I turned it off..... If Apple can't make it reliable, I doubt that Canon can.

BTW, profession equipment has to work EVERY time.... working most of the time jusat does not cut it, and working only some of the time is garbage.


----------



## Ryananthony (Jan 30, 2018)

My pixel 2 has been surprisingly responsive. Not often does it not scan on first try and is incredibly quick. Far far better than my Samsung note edge I had previously.


----------



## dsut4392 (Jan 30, 2018)

IglooEater said:


> unfocused said:
> 
> 
> > It better work better than iPhone finger print ID.
> ...



"60% of the time, it works every time"

But if my hands have been wet for more than a brief period (swimming, kayaking, washing the dishes) or have been doing anything that involves gripping something abrasive (gardening, woodworking, building, rock climbing), it doesn't work at all.


----------



## 9VIII (Jan 30, 2018)

It’s not like they’re putting this on the shutter button.

I’m sure the fingerprint reader will never be mandatory, but everyone will appreciate having the option of at least locking their camera momentarily.


----------



## AvTvM (Jan 30, 2018)

waste of time, money, resources ... on Canon's part and on (most) buyer's part as well. 

to add a "anti-theft, lock camera" feature would only require a single menu entry in firmware for a user code. Objective accomplished.


----------



## neuroanatomist (Jan 30, 2018)

unfocused said:


> Mt Spokane Photography said:
> 
> 
> > Fingerprint readers are a well developed technology and work in light and dark over a wide range of temperatures...
> ...



My experience is quite different. I've had my iPhone 6 for over 3 years, recorded 4 fingerprints the day I got it, have never reprogrammed them, and can reliably unlock the phone with thumb or index finger of either hand. Sure, with wet hands or gloves, it fails. Duh. But otherwise, it just works. Even just now, with a little donut glaze on my thumb.


----------



## Mt Spokane Photography (Jan 30, 2018)

AvTvM said:


> waste of time, money, resources ... on Canon's part and on (most) buyer's part as well.
> 
> to add a "anti-theft, lock camera" feature would only require a single menu entry in firmware for a user code. Objective accomplished.
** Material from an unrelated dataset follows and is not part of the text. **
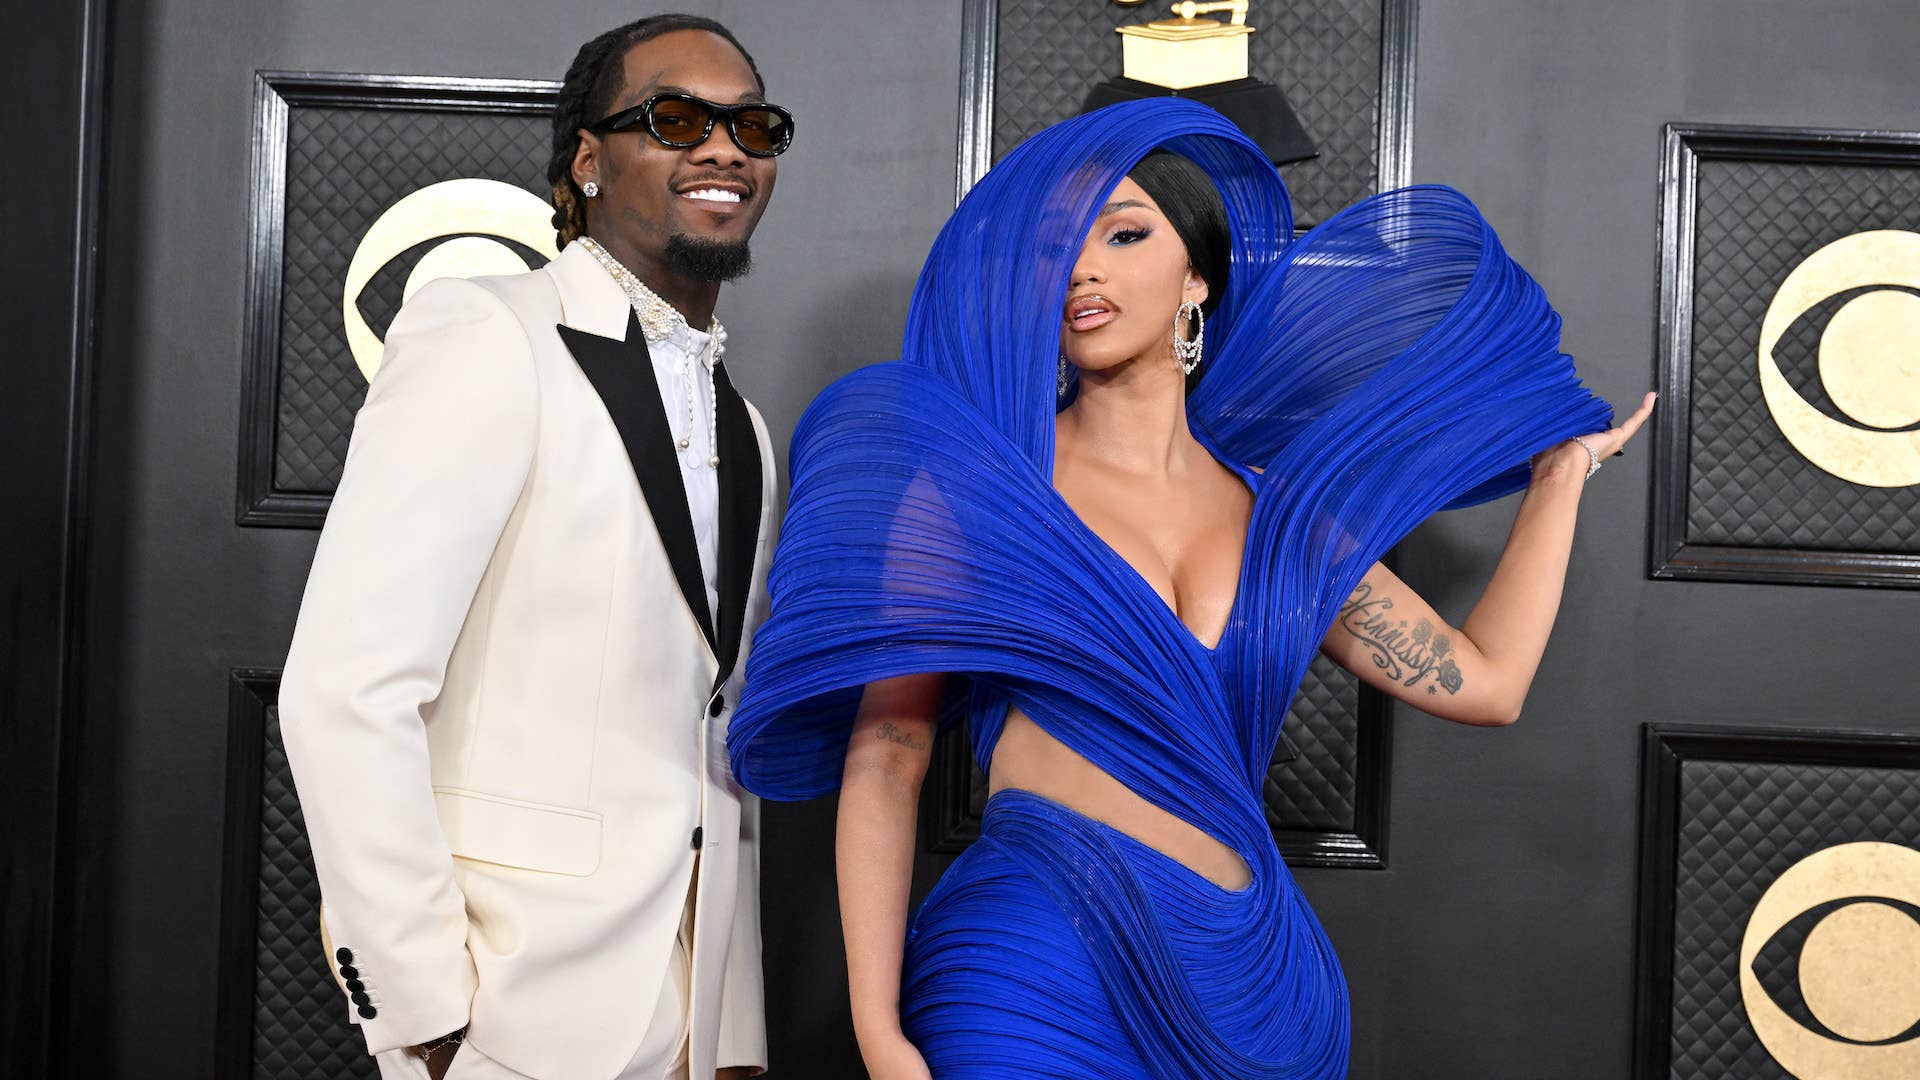 Offset and Cardi B at the Grammys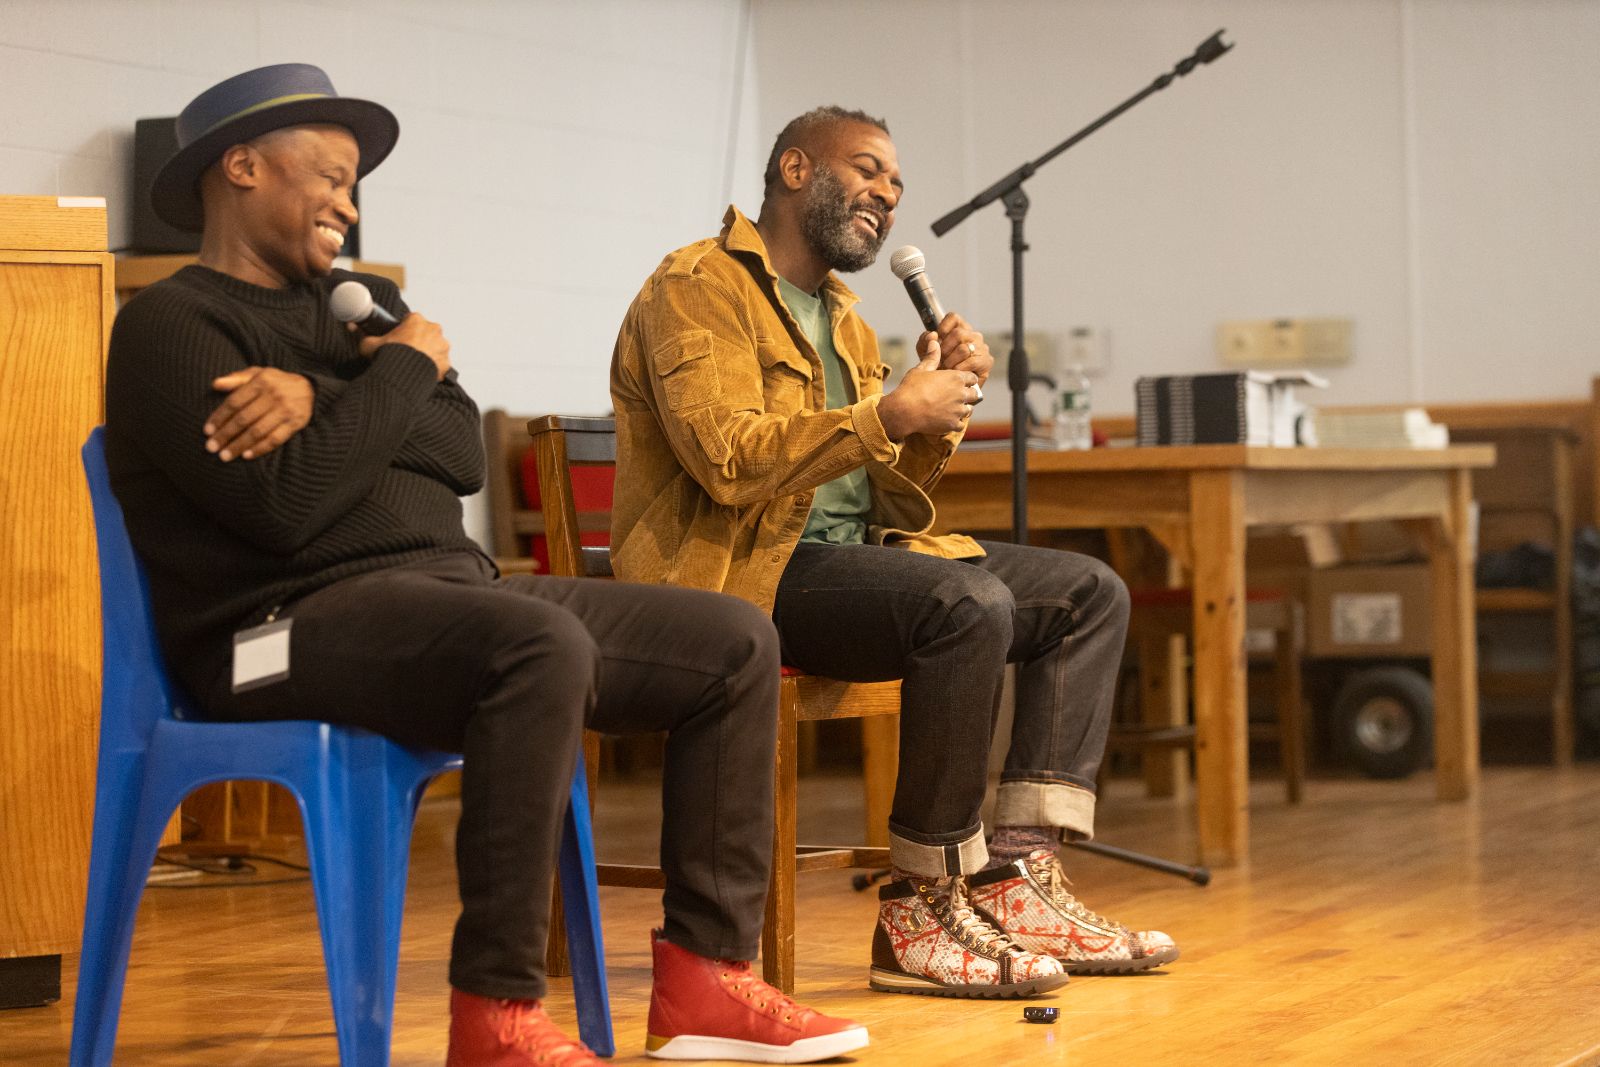 Freedom Reads Founder & CEO Reginald Dwayne Betts and University of New Haven Professor Randall Horton – both highly-regarded, award-winning poets – conduct a poetry reading in November 2023 at Carl Robinson Correctional Institution in Enfield, Connecticut.

Lots of assumptions there. I seem to recall camera bodies being hardened as well. As far as R&D, its generally more wide ranging than production, and should be encouraged to be that way. Just limiting R&D to existing technology is a sure fire way to fail.

I don't expect to see hardening of conventional cameras in my future, but for surveillance and medical, it might be part of a system approach.


----------



## Mt Spokane Photography (Jan 30, 2018)

unfocused said:


> Mt Spokane Photography said:
> 
> 
> > Fingerprint readers are a well developed technology and work in light and dark over a wide range of temperatures...
> ...



Actually, I do, as well as fingerprint readers of various types for computers.


----------



## Karlbug (Jan 30, 2018)

The customization per-user seems intriguing to me. Often when on a trip I'm sharing the camera with my girlfriend and while I usually shoot in Manual with 1-point AF, she favours Av and face detection. It would be great if the camera automatically switched the profiles when each of use took the camera in hands.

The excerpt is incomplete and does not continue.